OSHA Releases Updated COVID-19 Respiratory Protection Guidance for LTC Communities

OSHA Releases Updated COVID-19 Respiratory Protection Guidance for LTC Communities

OSHA Releases Updated COVID-19 Respiratory Protection Guidance for Long-Term Care Communities

Arnall Golden Gregory LLP  Jennifer Hilliard
JD Supra

Long-Term Care Facilities (LTCFs) have not heard much from the Occupational Safety and Health Administration (OSHA) in terms of specific industry guidance since the middle of May when the agency released a one-page document consisting of bulleted “tips” to reduce the risk of worker exposure to the coronavirus.  That changed, however, on October 30, 2020, with the release of a seven-page guidance document that addresses respiratory protection in LTCFs, including nursing homes, assisted living facilities, inpatient hospice, convalescent homes, and group homes with nursing care.

The guidance document itself is fairly broad and contains links to several other OSHA documents and enforcement memoranda, as well as Centers for Disease Control and Prevention (CDC) pages, which are in need of review, update, and consolidation to keep them relevant at this stage of the pandemic.

Highlights from the OSHA guidance:

Hierarchy of Controls

Under OSHA’s hierarchy of controls, engineering controls, such as improving ventilation systems, and administrative controls, such as cohorting, hand hygiene, and other work practices, are preferred over the use of PPE and may prevent over-reliance on the use of respirators; however, the guidance also makes clear that respirators are required when close contact with someone who is known to have or suspected of having COVID-19 cannot be avoided. A written respiratory protection program (RPP) that is specific to the work-site is required in such instances.

Source Control Measures and Respirators

The guidance provides a very clear description of the differences among face coverings, face masks, FDA-cleared/authorized surgical masks, and respirators. It also provides insight into the circumstances in which each may be worn.  For staff in close contact with a resident confirmed to have or suspected of having SARS-CoV-2 infection, a NIOSH-approved N95 (or higher level) respirator is required.  A surgical N95 respirator must be worn if protection against exposure to splashes and sprays of infectious material from others is also needed.

RPPs

OSHA used the guidance to highlight important aspects of RPPs. While an in-depth review of the respiratory protection standard is needed to develop and implement an RPP, the guidance provides a shorthand glimpse into some aspects of RPPs emphasized by OSHA.

Program Administrator

A “suitably trained” program administrator to oversee all elements of the RPP is required. This can be the facility’s infection preventionist, a nurse administrator, such as the Director of Nursing, or an industrial hygiene consulting service.

Risk Assessment

Risk assessments are needed to identify those workers who are at risk of exposure and to what extent.
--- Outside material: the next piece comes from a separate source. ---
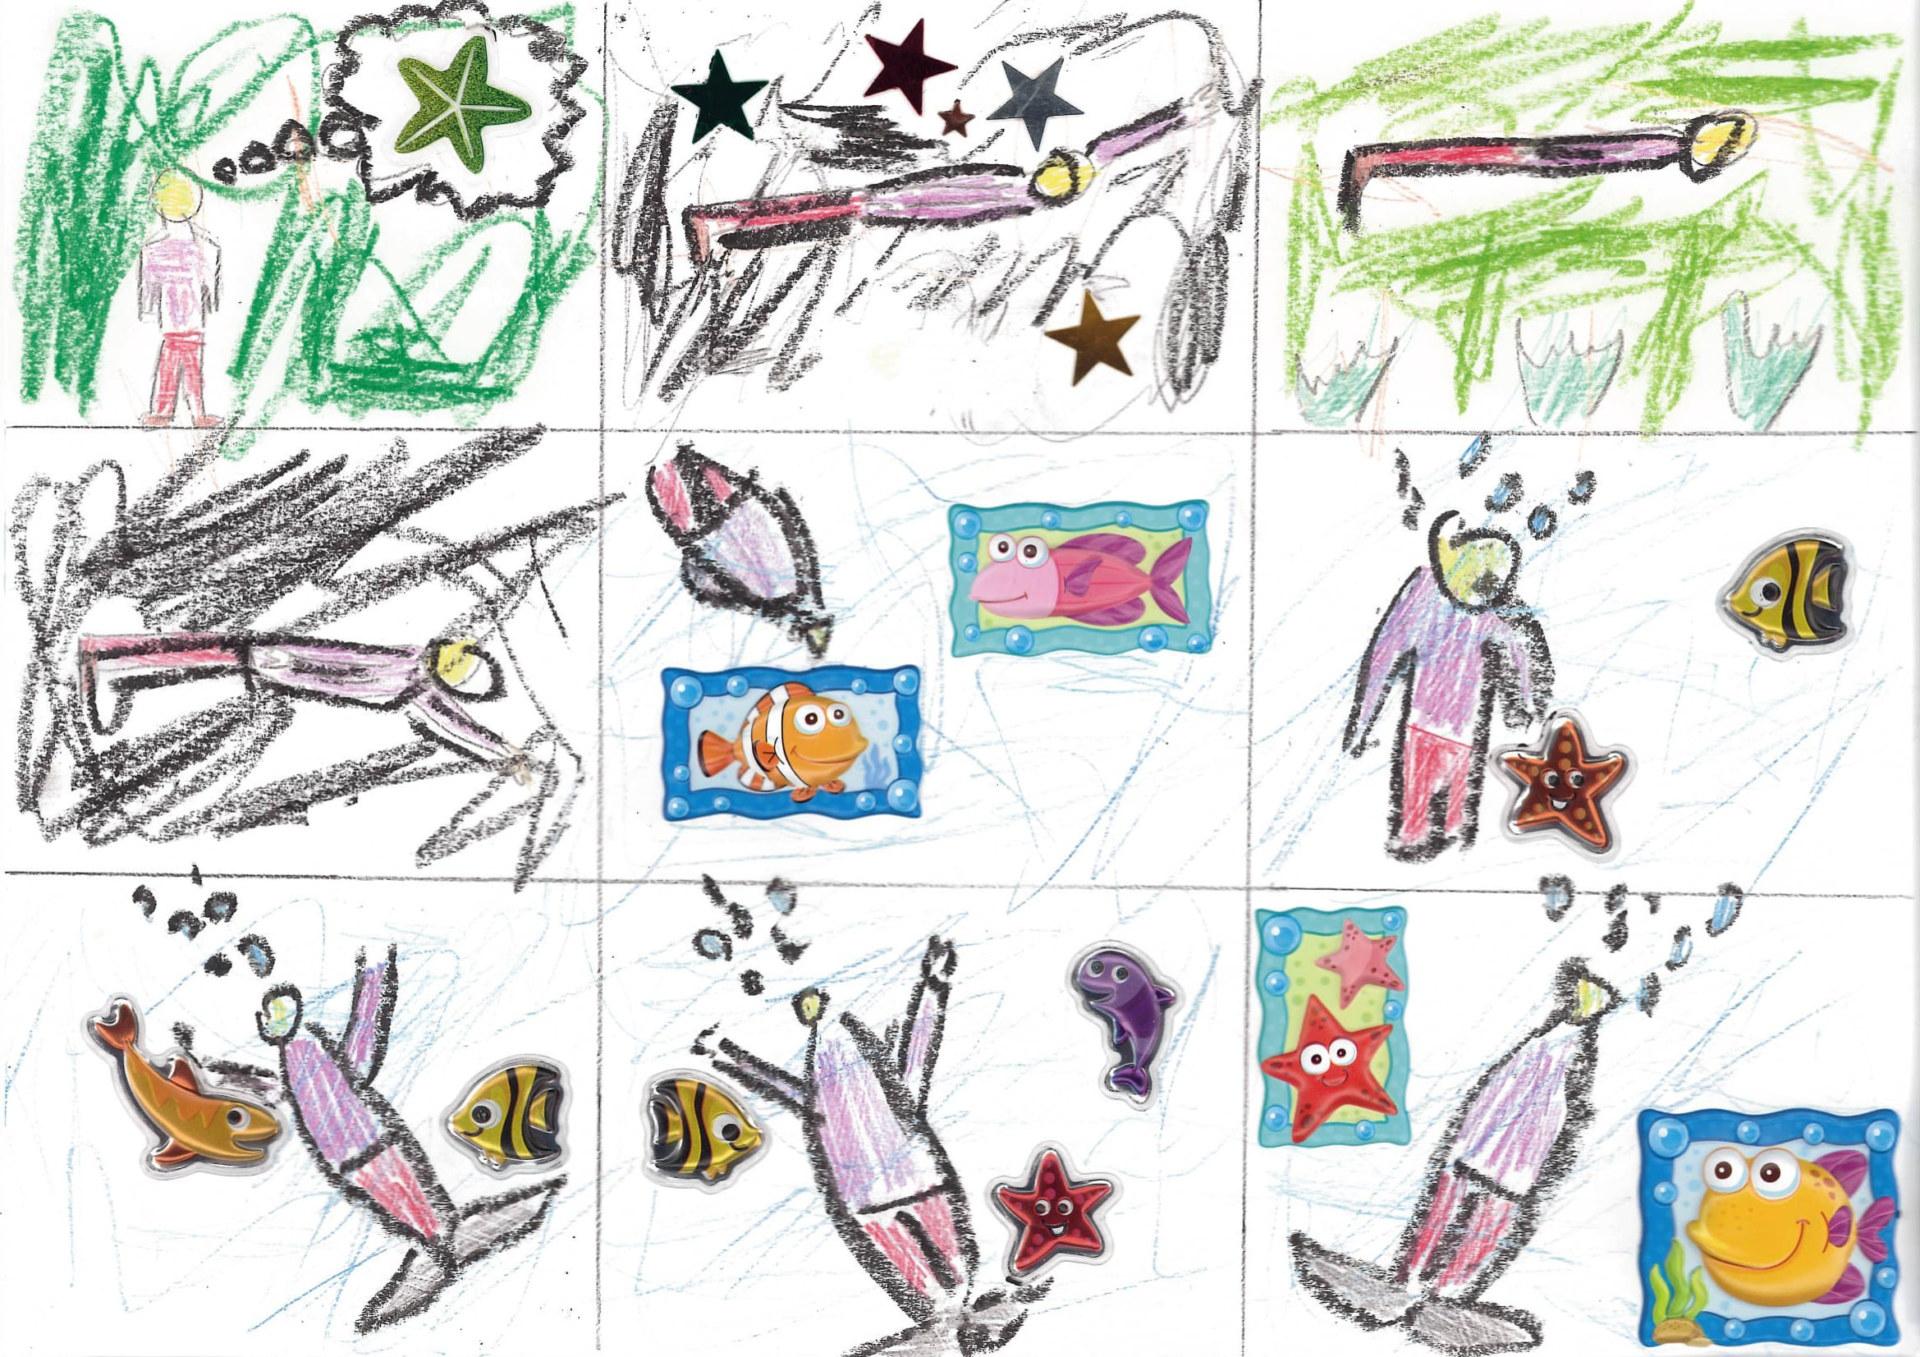 Komiks przygotowany przez uczestnika konkursu.
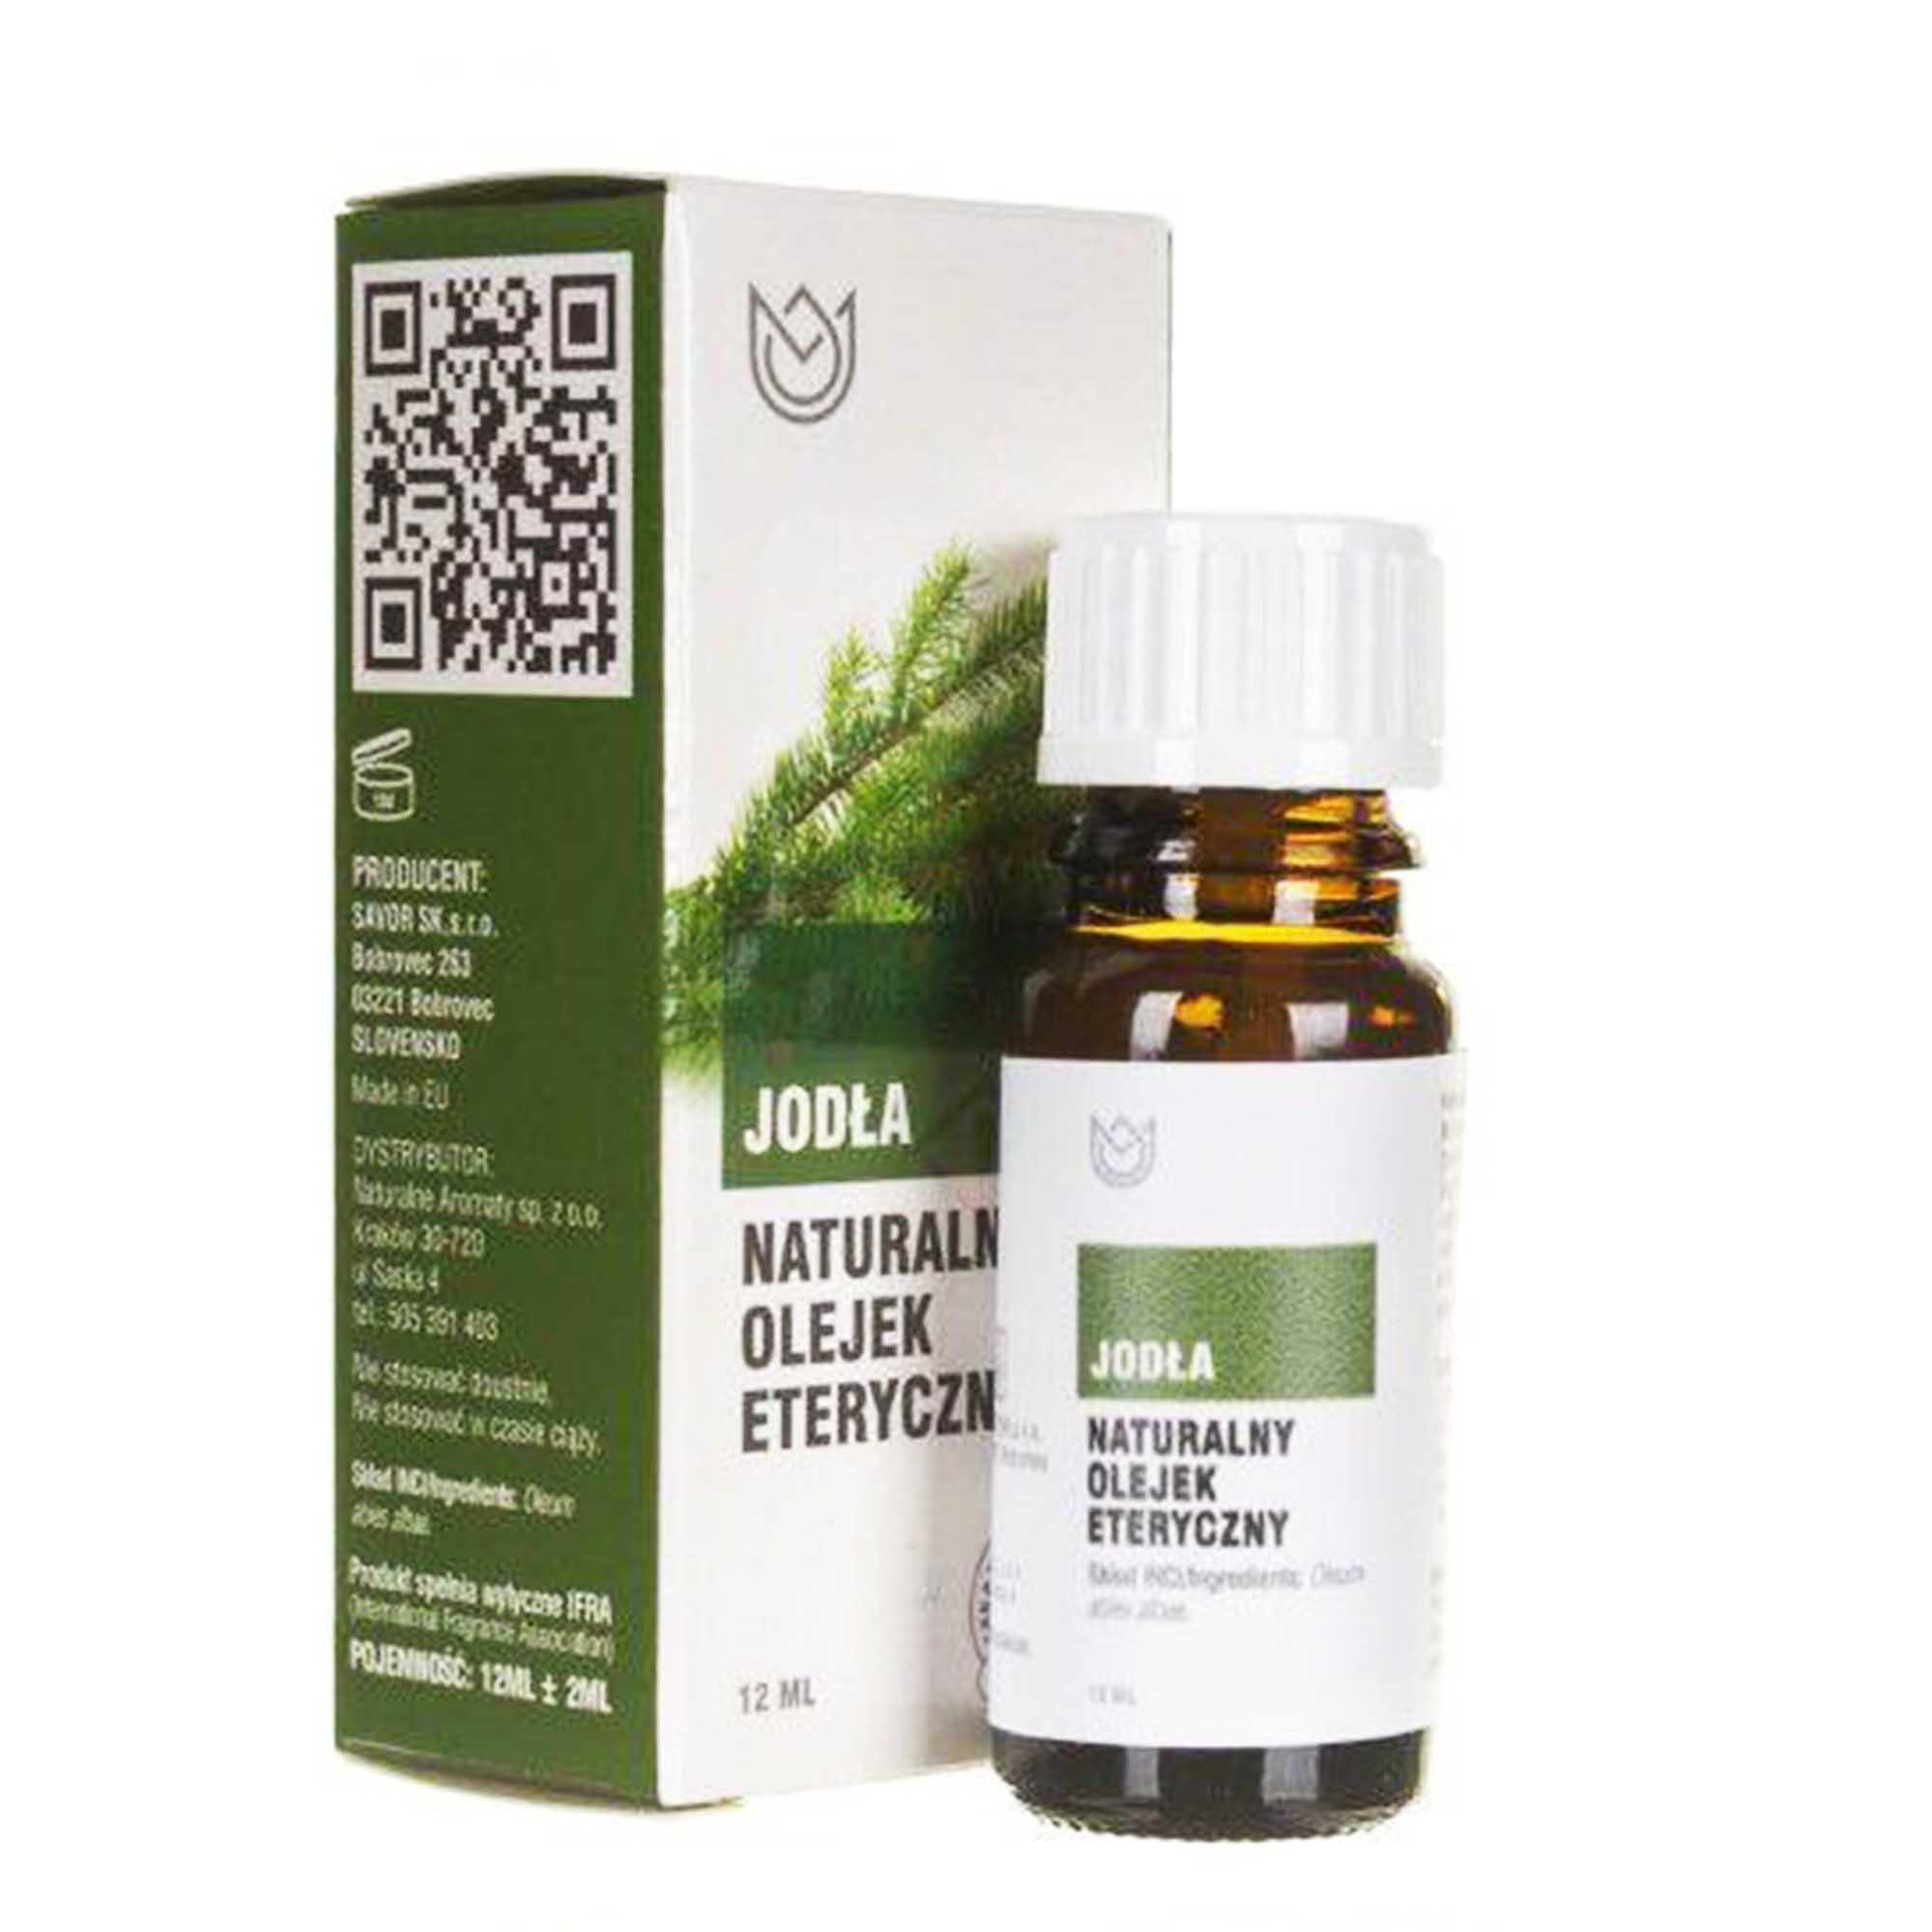 NATURALNE OLEJKI ETERYCZNE zestaw 9szt lecznicze Rodzaj olejku inny

The results can then be used to determine which workers must wear respirators in the workplace.

Medical Evaluations

Medical evaluations for workers required to use respirators are necessary to rule out contraindications to their ability to safely wear a respirator in the workplace. Many LTCFs use their medical director to conduct such evaluations.

Fit Testing

Because a respirator designed to be tight-fitting will not be effective absent a good seal on the face of the wearer, proper fit-testing is critical. Fit-testing is required prior to initial use of a respirator, whenever there is a change in the type, size, model, or make of the respirator, and annually thereafter.

Maintenance and Storage

It is crucial for LTCFs to establish maintenance and storage protocols to ensure that reusable respirators and disposable respirators used in accordance with CDC contingency and crisis strategies maintain their efficacy.

Training

Workers risk ineffective performance from respirators if they are not properly trained in how to put them on and take them off, perform a user seal check, and otherwise use them in a safe manner.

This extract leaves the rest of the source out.